- What needs to be done
Find the line with "Arid desert land, Sophienhof, Outjo, Namibia" in the records below. Copy it and every line after it, up to and including the line with "Honeycomb Green - Wallpaper - Living Room".
----- Dataset extract -----
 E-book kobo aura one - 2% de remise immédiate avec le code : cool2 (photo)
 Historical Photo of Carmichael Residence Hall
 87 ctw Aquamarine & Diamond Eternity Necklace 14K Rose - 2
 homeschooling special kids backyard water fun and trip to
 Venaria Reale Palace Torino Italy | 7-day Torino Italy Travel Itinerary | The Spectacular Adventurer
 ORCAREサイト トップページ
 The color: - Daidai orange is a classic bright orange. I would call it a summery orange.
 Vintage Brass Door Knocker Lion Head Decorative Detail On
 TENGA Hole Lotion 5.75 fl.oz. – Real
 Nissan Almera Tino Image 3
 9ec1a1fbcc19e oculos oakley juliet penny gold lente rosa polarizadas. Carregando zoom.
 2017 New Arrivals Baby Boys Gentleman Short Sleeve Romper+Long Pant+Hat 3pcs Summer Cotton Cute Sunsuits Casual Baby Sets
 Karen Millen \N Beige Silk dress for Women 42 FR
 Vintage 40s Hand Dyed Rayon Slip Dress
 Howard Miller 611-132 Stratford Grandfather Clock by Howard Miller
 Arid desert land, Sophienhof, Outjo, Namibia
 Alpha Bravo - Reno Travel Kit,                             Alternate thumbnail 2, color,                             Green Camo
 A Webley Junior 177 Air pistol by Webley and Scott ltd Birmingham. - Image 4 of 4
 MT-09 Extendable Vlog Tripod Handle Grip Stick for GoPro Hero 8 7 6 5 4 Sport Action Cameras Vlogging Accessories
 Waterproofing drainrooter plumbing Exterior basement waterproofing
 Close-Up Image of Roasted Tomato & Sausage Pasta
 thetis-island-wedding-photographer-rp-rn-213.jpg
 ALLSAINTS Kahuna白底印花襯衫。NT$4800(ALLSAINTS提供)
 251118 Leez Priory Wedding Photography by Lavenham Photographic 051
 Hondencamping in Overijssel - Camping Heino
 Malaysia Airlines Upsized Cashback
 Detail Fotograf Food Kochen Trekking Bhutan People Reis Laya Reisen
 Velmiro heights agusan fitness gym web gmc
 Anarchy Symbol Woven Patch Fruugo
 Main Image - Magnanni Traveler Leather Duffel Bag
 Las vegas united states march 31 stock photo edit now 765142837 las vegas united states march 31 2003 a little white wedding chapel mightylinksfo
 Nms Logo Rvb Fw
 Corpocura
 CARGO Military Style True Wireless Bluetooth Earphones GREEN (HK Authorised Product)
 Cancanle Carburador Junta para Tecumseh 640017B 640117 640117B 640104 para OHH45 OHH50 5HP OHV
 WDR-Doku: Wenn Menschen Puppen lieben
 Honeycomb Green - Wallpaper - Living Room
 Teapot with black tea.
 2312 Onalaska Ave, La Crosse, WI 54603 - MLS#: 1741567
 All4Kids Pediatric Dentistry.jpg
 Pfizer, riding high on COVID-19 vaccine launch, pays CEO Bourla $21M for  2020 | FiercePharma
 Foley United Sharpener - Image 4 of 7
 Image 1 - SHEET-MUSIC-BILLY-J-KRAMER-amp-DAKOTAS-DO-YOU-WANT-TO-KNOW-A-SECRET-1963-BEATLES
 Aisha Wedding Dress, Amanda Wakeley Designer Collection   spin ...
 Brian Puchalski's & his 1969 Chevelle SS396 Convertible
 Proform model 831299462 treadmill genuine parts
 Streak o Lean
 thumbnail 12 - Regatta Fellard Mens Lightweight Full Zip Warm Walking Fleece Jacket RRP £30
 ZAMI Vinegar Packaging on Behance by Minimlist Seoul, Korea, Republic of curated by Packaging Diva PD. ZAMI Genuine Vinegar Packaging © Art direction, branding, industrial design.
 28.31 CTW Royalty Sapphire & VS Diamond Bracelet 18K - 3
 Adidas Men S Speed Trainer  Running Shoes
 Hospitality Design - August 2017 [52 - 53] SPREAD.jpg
-----
- Result of this exercise
 Arid desert land, Sophienhof, Outjo, Namibia
 Alpha Bravo - Reno Travel Kit,                             Alternate thumbnail 2, color,                             Green Camo
 A Webley Junior 177 Air pistol by Webley and Scott ltd Birmingham. - Image 4 of 4
 MT-09 Extendable Vlog Tripod Handle Grip Stick for GoPro Hero 8 7 6 5 4 Sport Action Cameras Vlogging Accessories
 Waterproofing drainrooter plumbing Exterior basement waterproofing
 Close-Up Image of Roasted Tomato & Sausage Pasta
 thetis-island-wedding-photographer-rp-rn-213.jpg
 ALLSAINTS Kahuna白底印花襯衫。NT$4800(ALLSAINTS提供)
 251118 Leez Priory Wedding Photography by Lavenham Photographic 051
 Hondencamping in Overijssel - Camping Heino
 Malaysia Airlines Upsized Cashback
 Detail Fotograf Food Kochen Trekking Bhutan People Reis Laya Reisen
 Velmiro heights agusan fitness gym web gmc
 Anarchy Symbol Woven Patch Fruugo
 Main Image - Magnanni Traveler Leather Duffel Bag
 Las vegas united states march 31 stock photo edit now 765142837 las vegas united states march 31 2003 a little white wedding chapel mightylinksfo
 Nms Logo Rvb Fw
 Corpocura
 CARGO Military Style True Wireless Bluetooth Earphones GREEN (HK Authorised Product)
 Cancanle Carburador Junta para Tecumseh 640017B 640117 640117B 640104 para OHH45 OHH50 5HP OHV
 WDR-Doku: Wenn Menschen Puppen lieben
 Honeycomb Green - Wallpaper - Living Room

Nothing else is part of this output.